WORK REQUEST: Retype each line of the material exactly, please, skipping any picture in it.

DATA SECTION:

^^^^^^^^

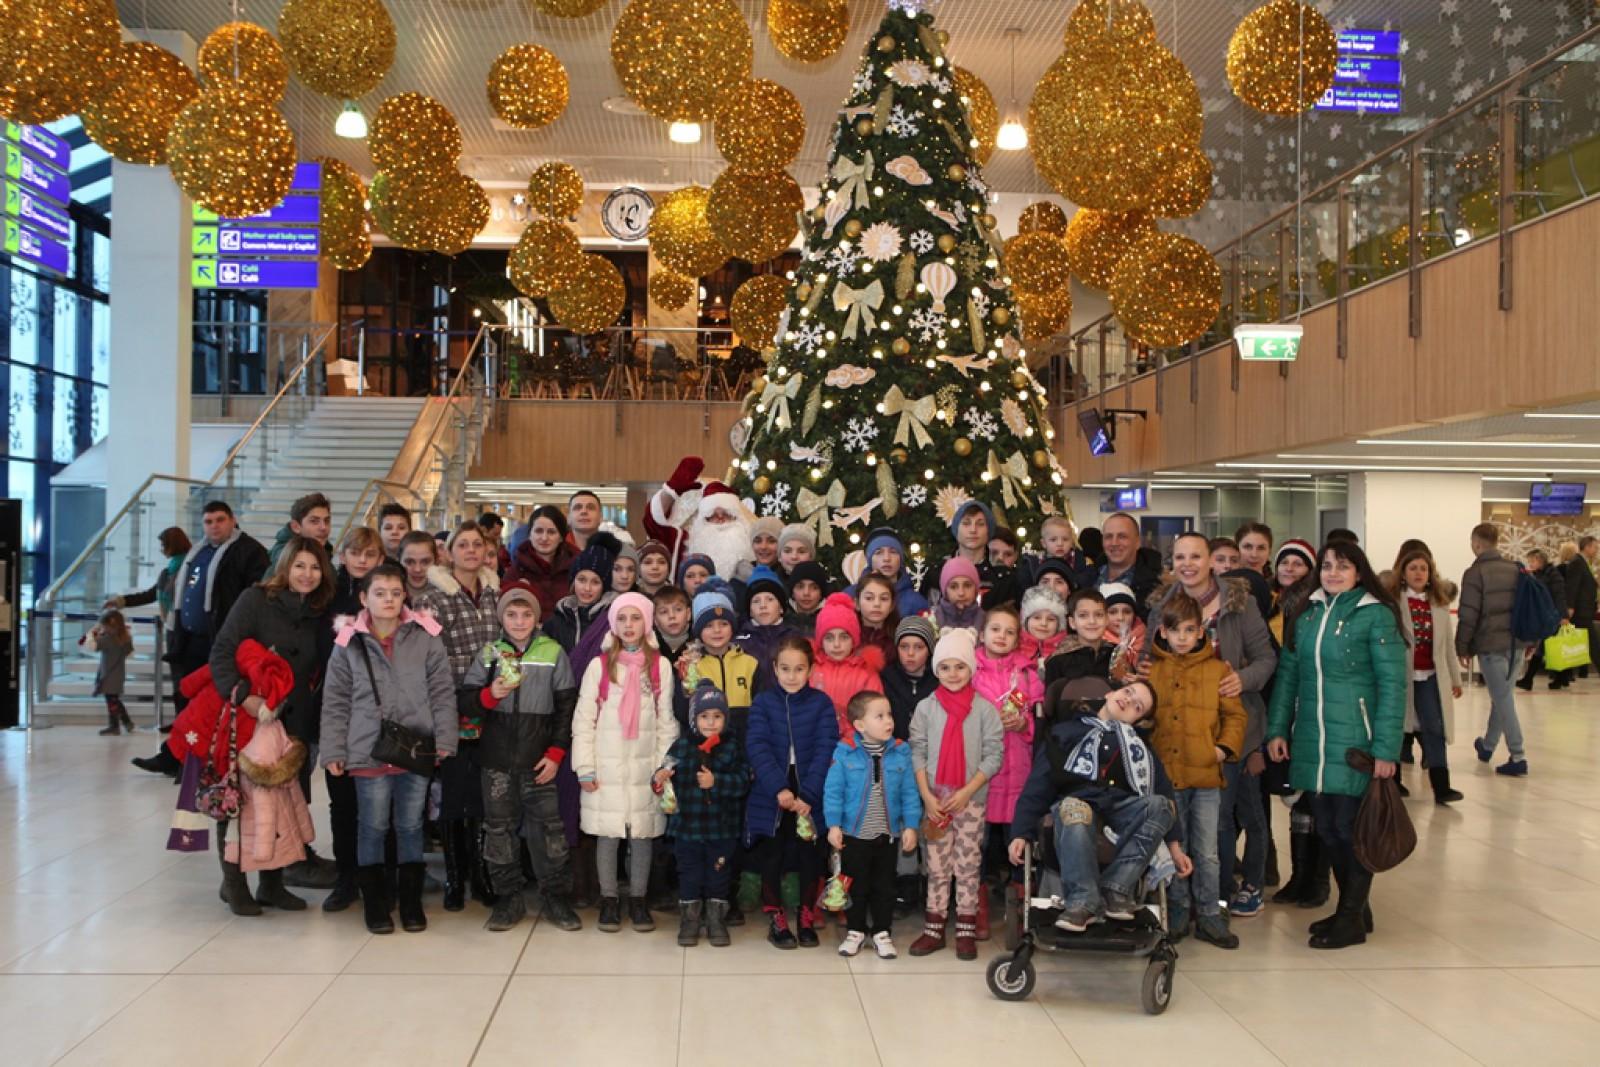 (foto) 50 copii au sărbătorit ajunul Revelionului la Aeroportul Chișinău
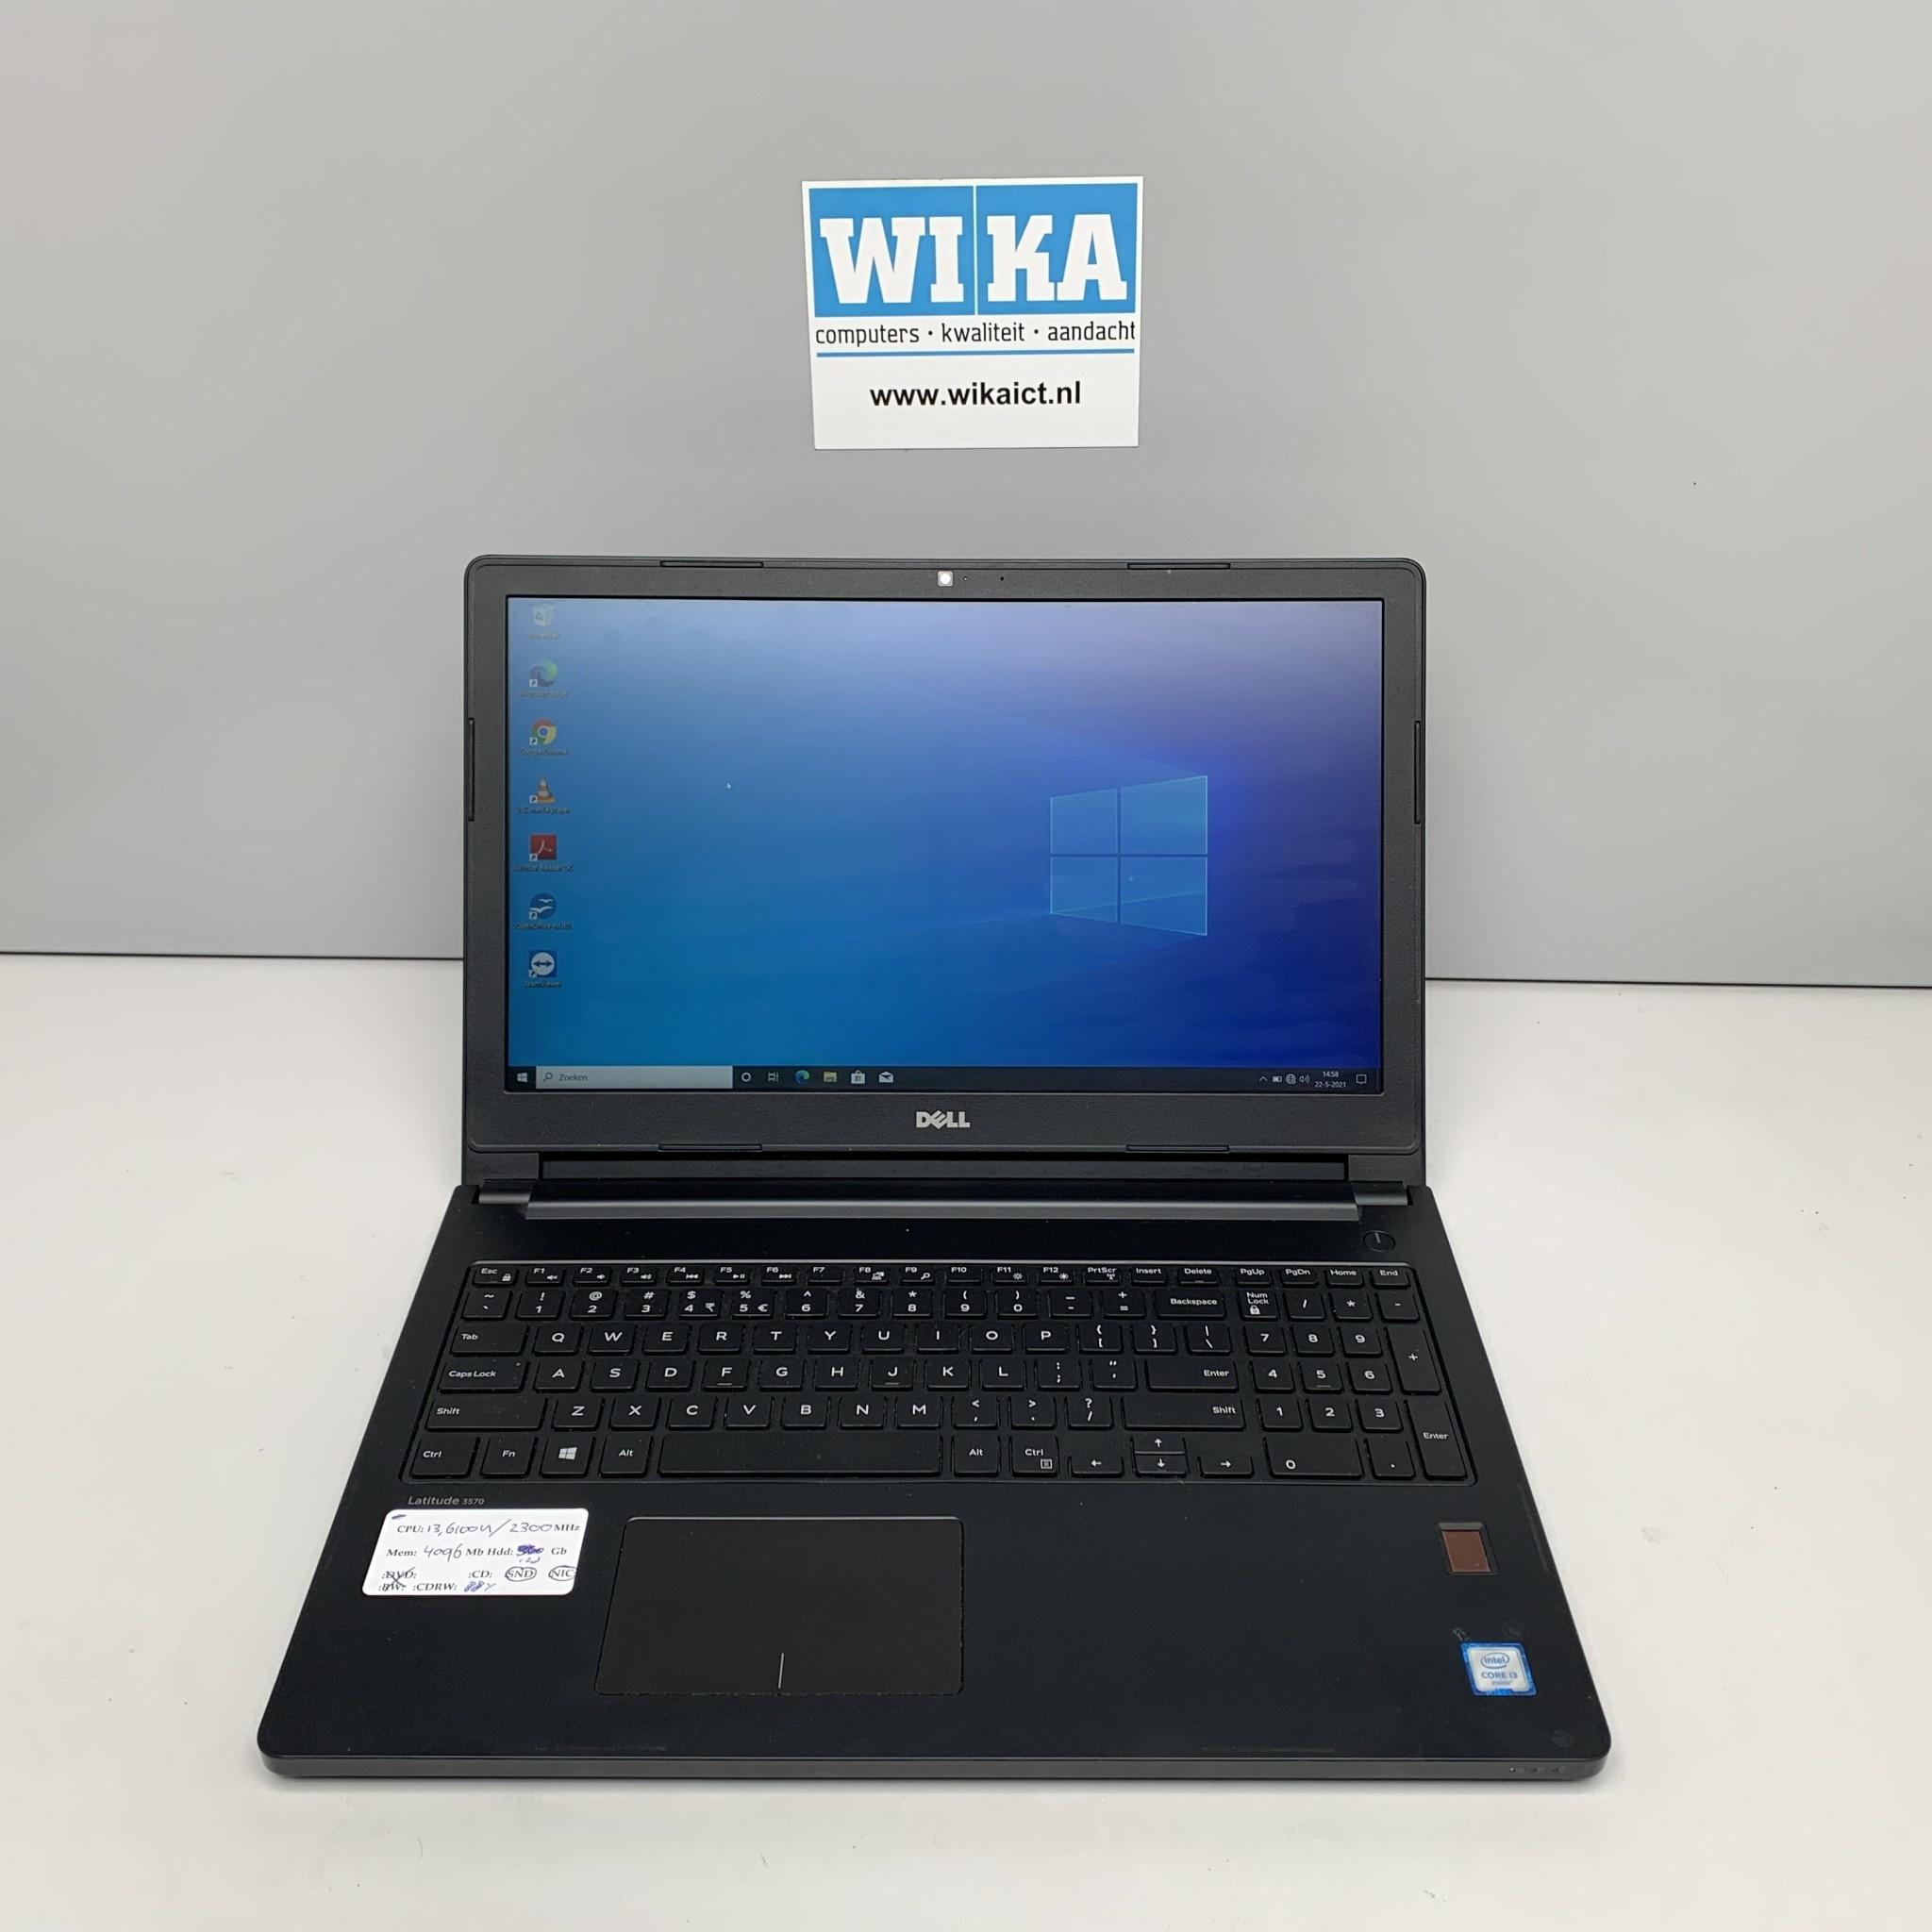 Dell Latitude 3570 i3-6100U 2.3Ghz 4Gb 128Gb SSD 15.6 Win 10p  laptop
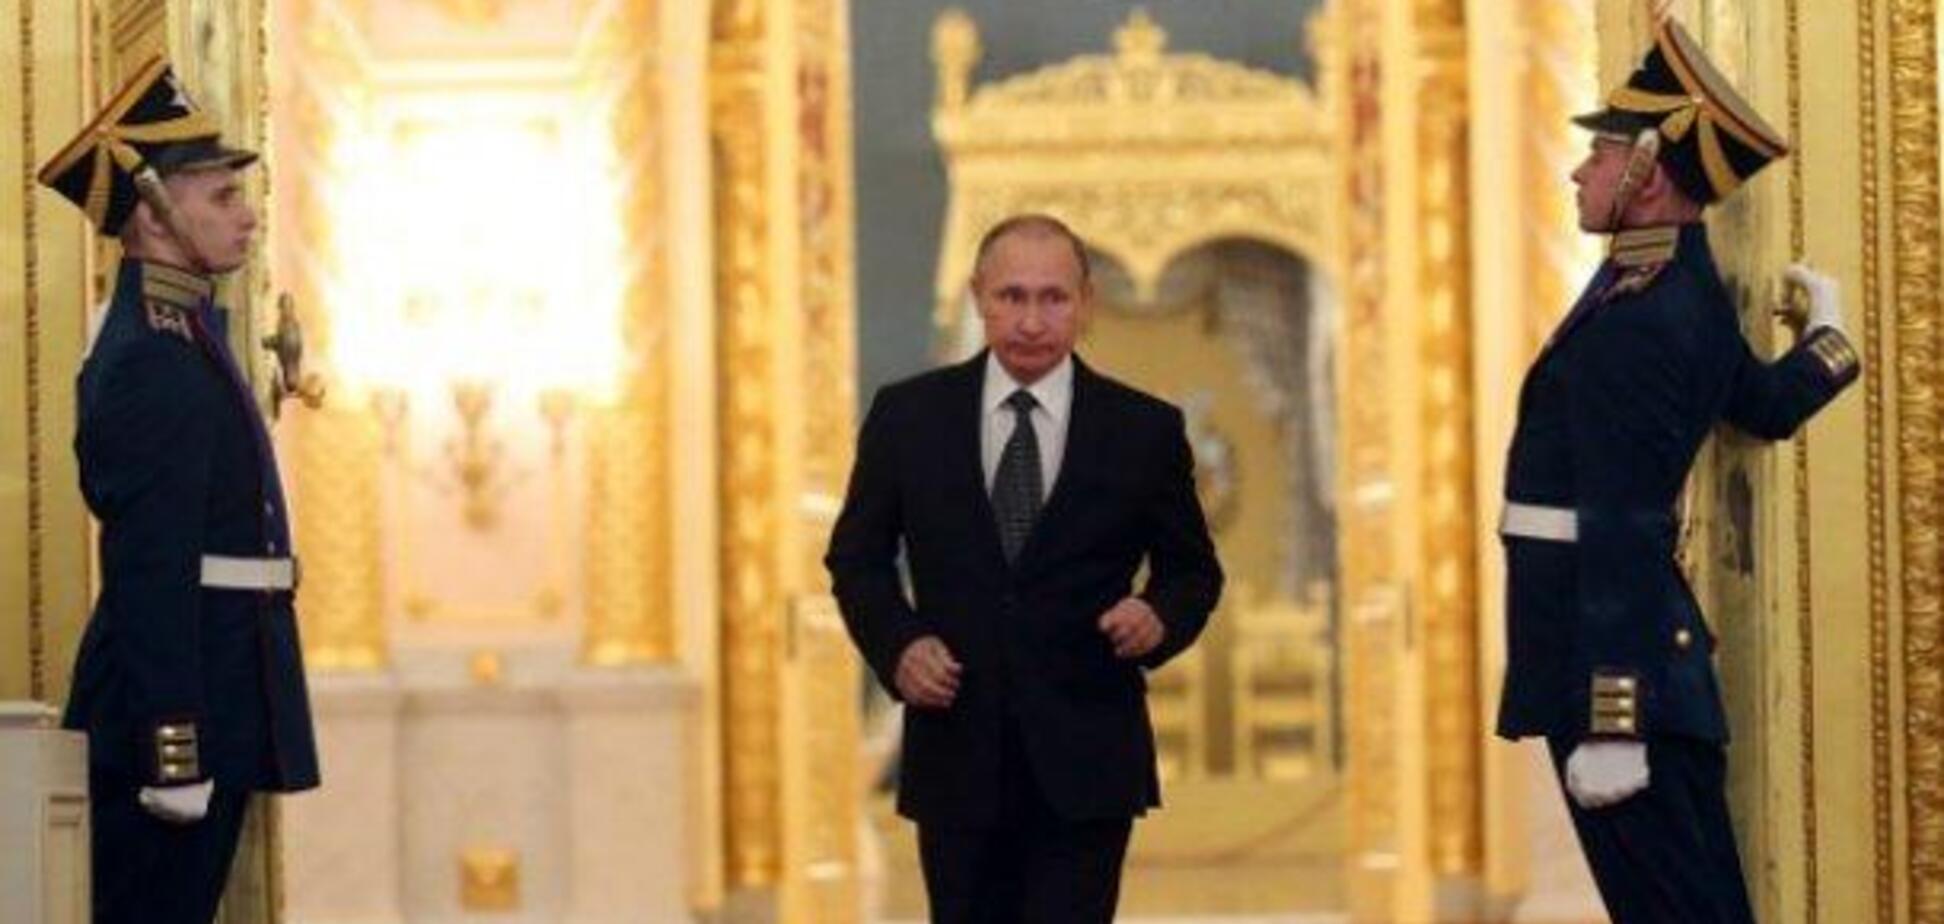 Притворяясь здравомыслящим, Путин долго шел к своей цели во власти

^^^^^^^^

RESPONSE:
 (foto) 50 copii au sărbătorit ajunul Revelionului la Aeroportul Chișinău
 Dell Latitude 3570 i3-6100U 2.3Ghz 4Gb 128Gb SSD 15.6 Win 10p  laptop
 Притворяясь здравомыслящим, Путин долго шел к своей цели во власти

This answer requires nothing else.